About this exercise. Could you repeat the listing exactly, leaving out the pictures?

Provided data.
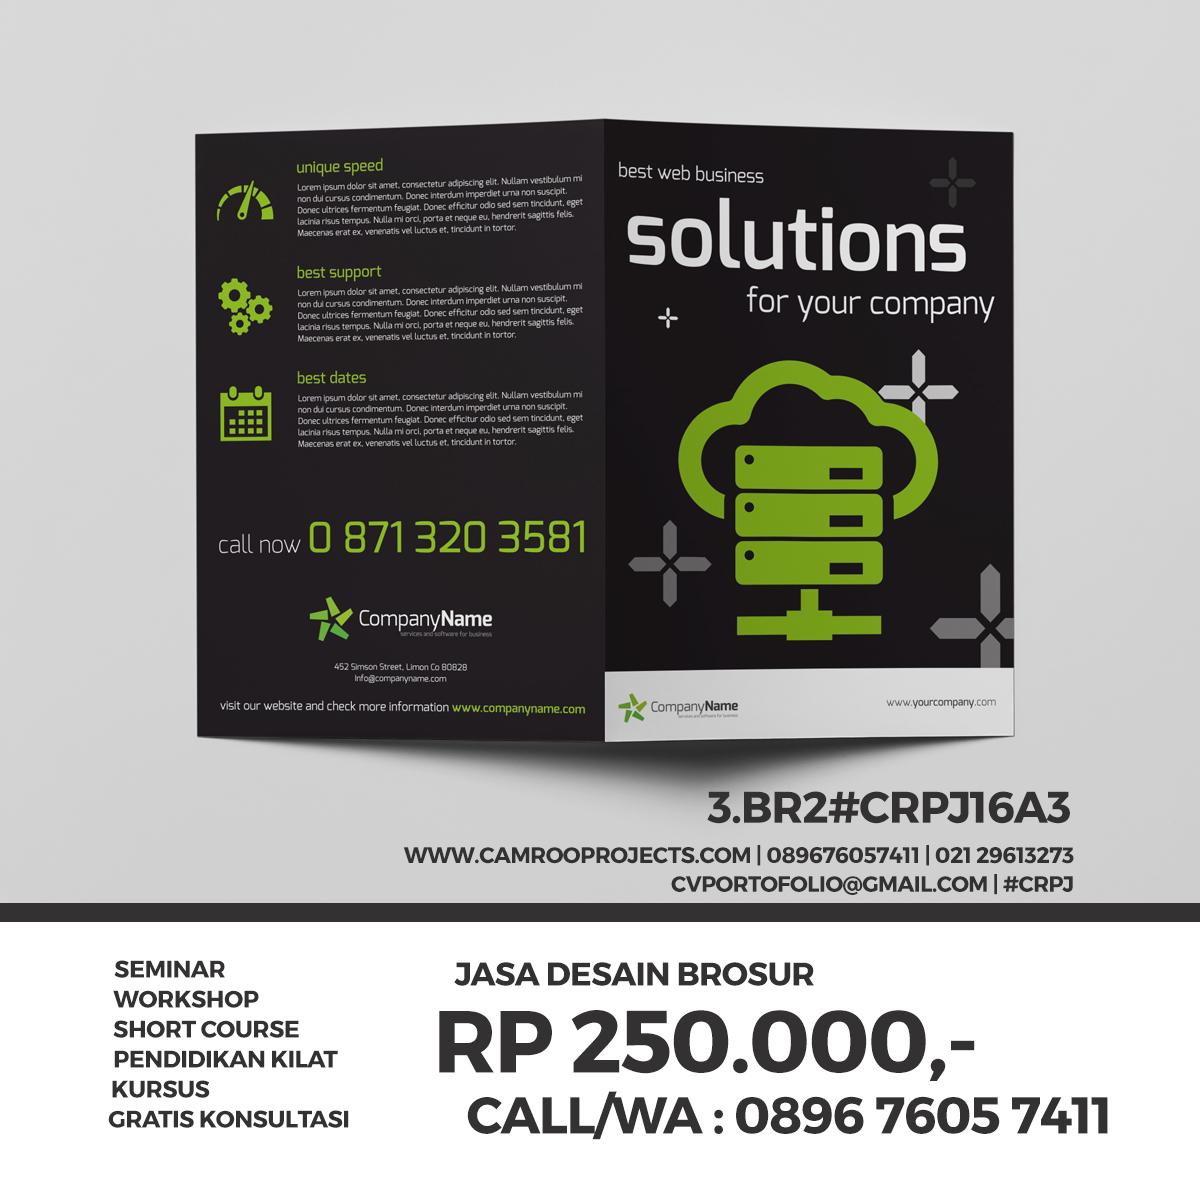 Jasa Desain Flyer   Call/WA 0896 760 574 11
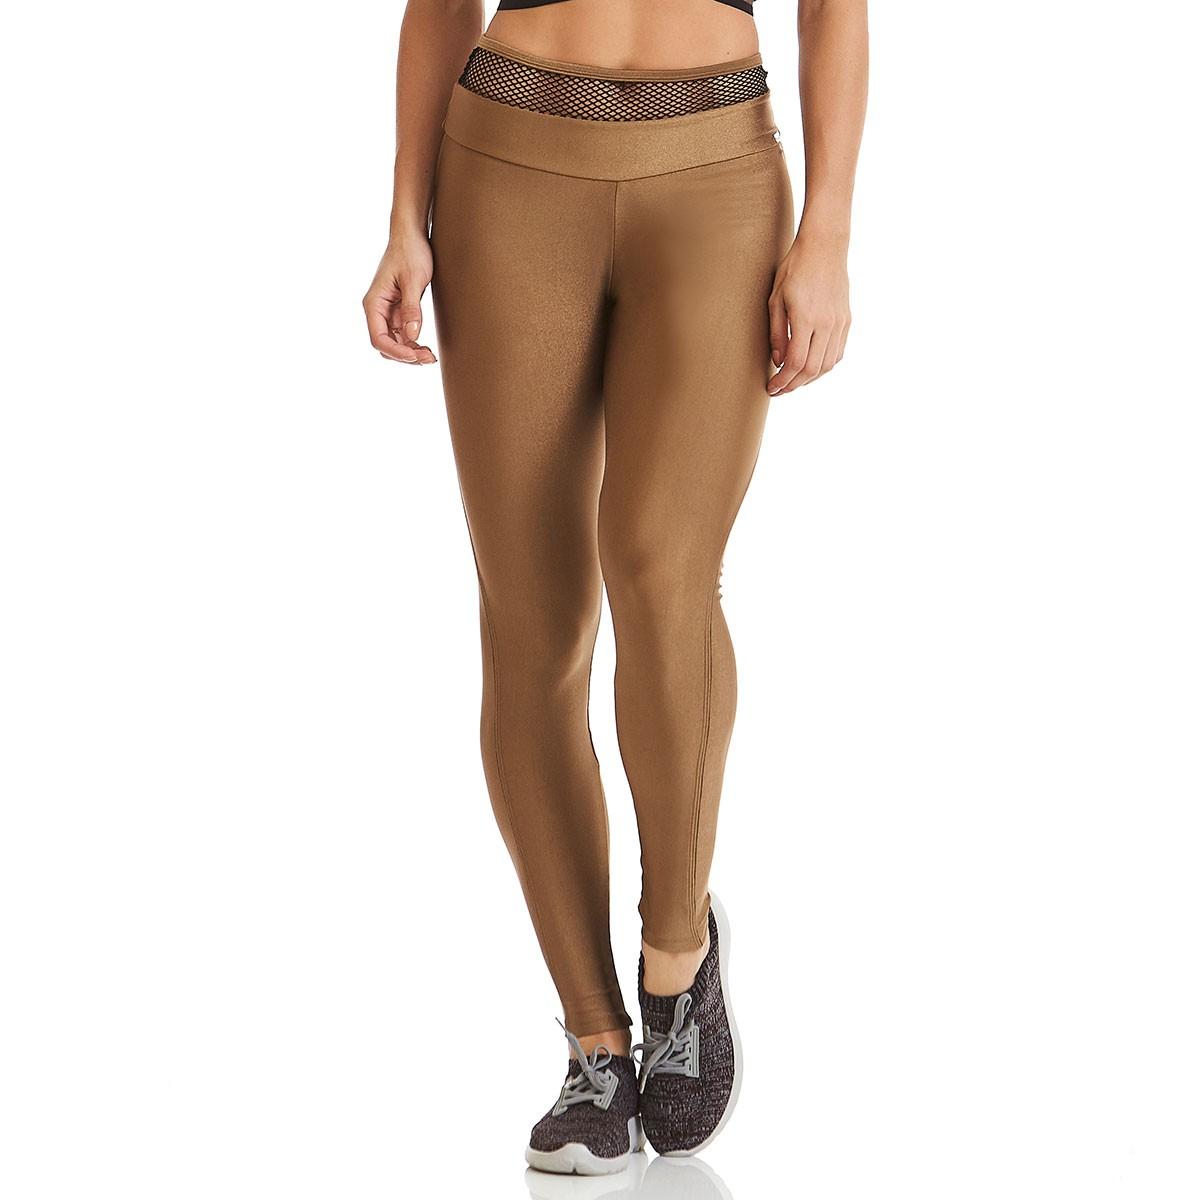 Legging Ocean Dourada CAJUBRASIL Activewear
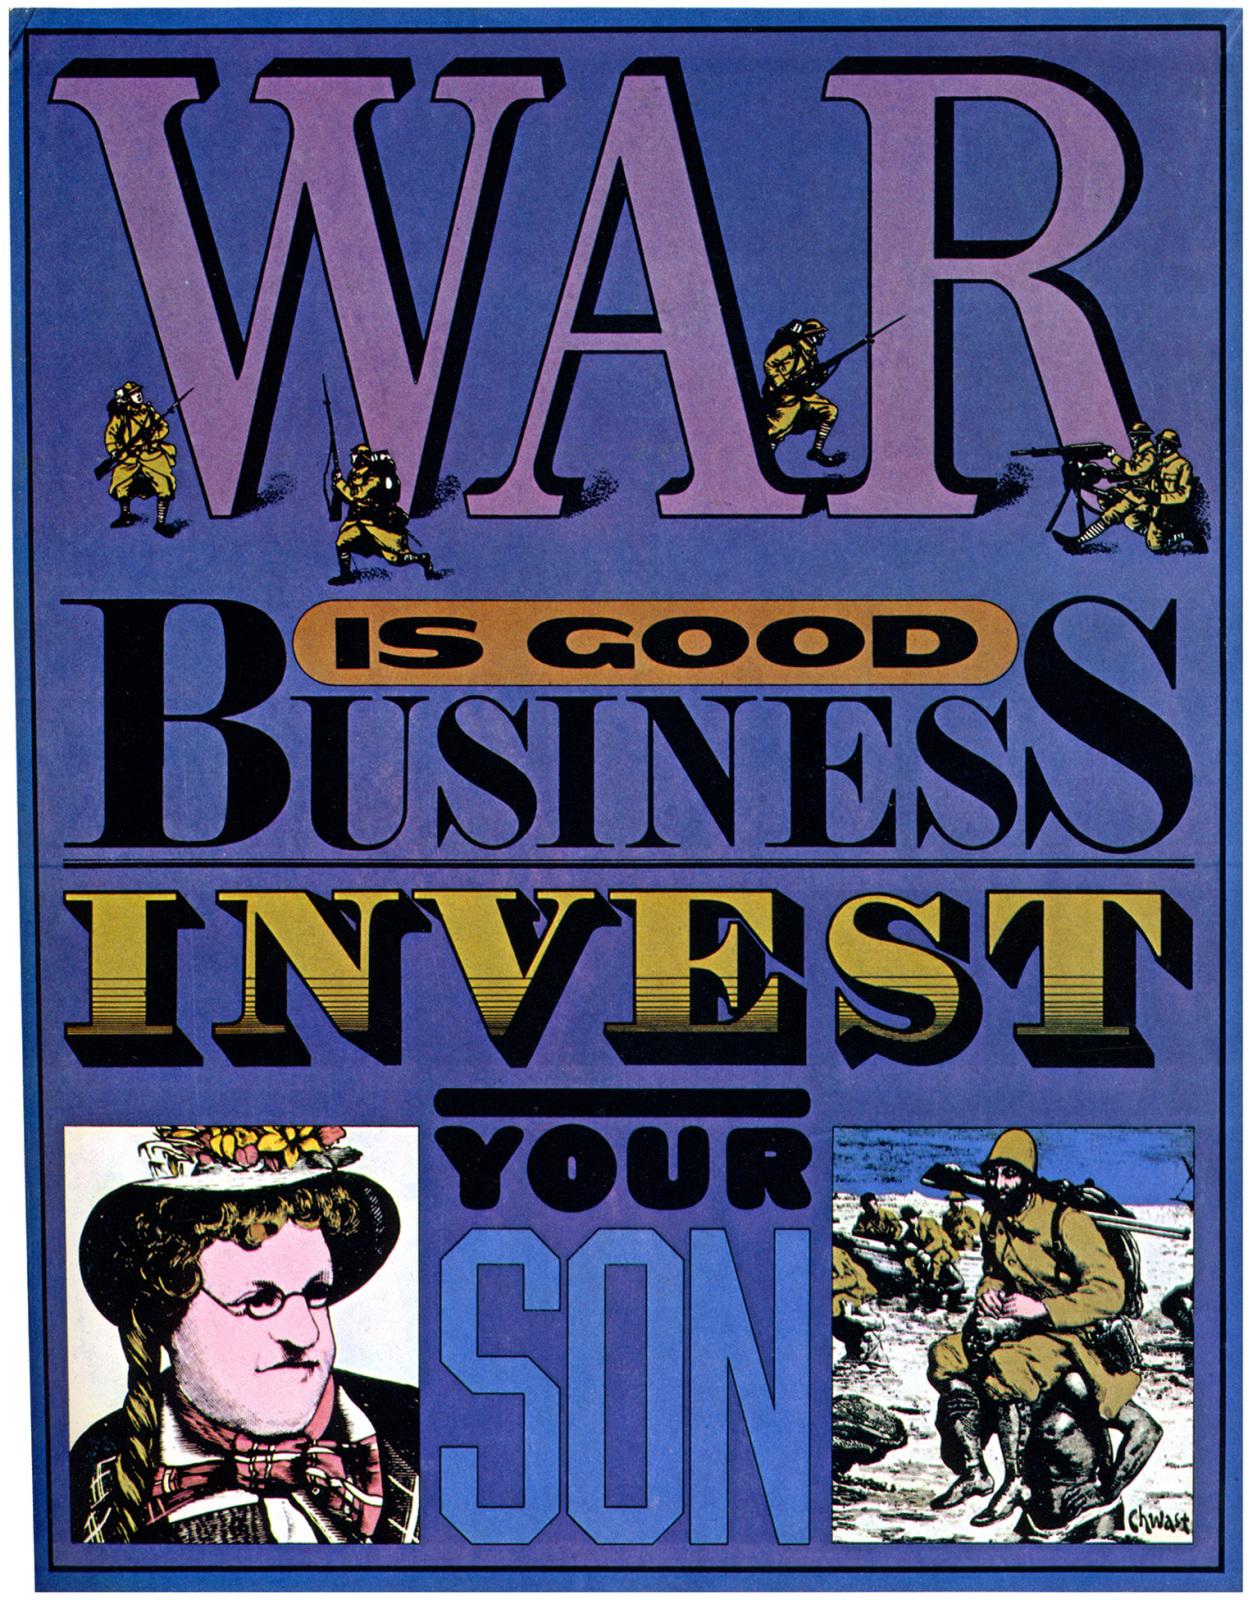 """War Is Good Business"", Seymour Chwast, 1968"

Answer area.
 Jasa Desain Flyer   Call/WA 0896 760 574 11
 Legging Ocean Dourada CAJUBRASIL Activewear
 """War Is Good Business"", Seymour Chwast, 1968"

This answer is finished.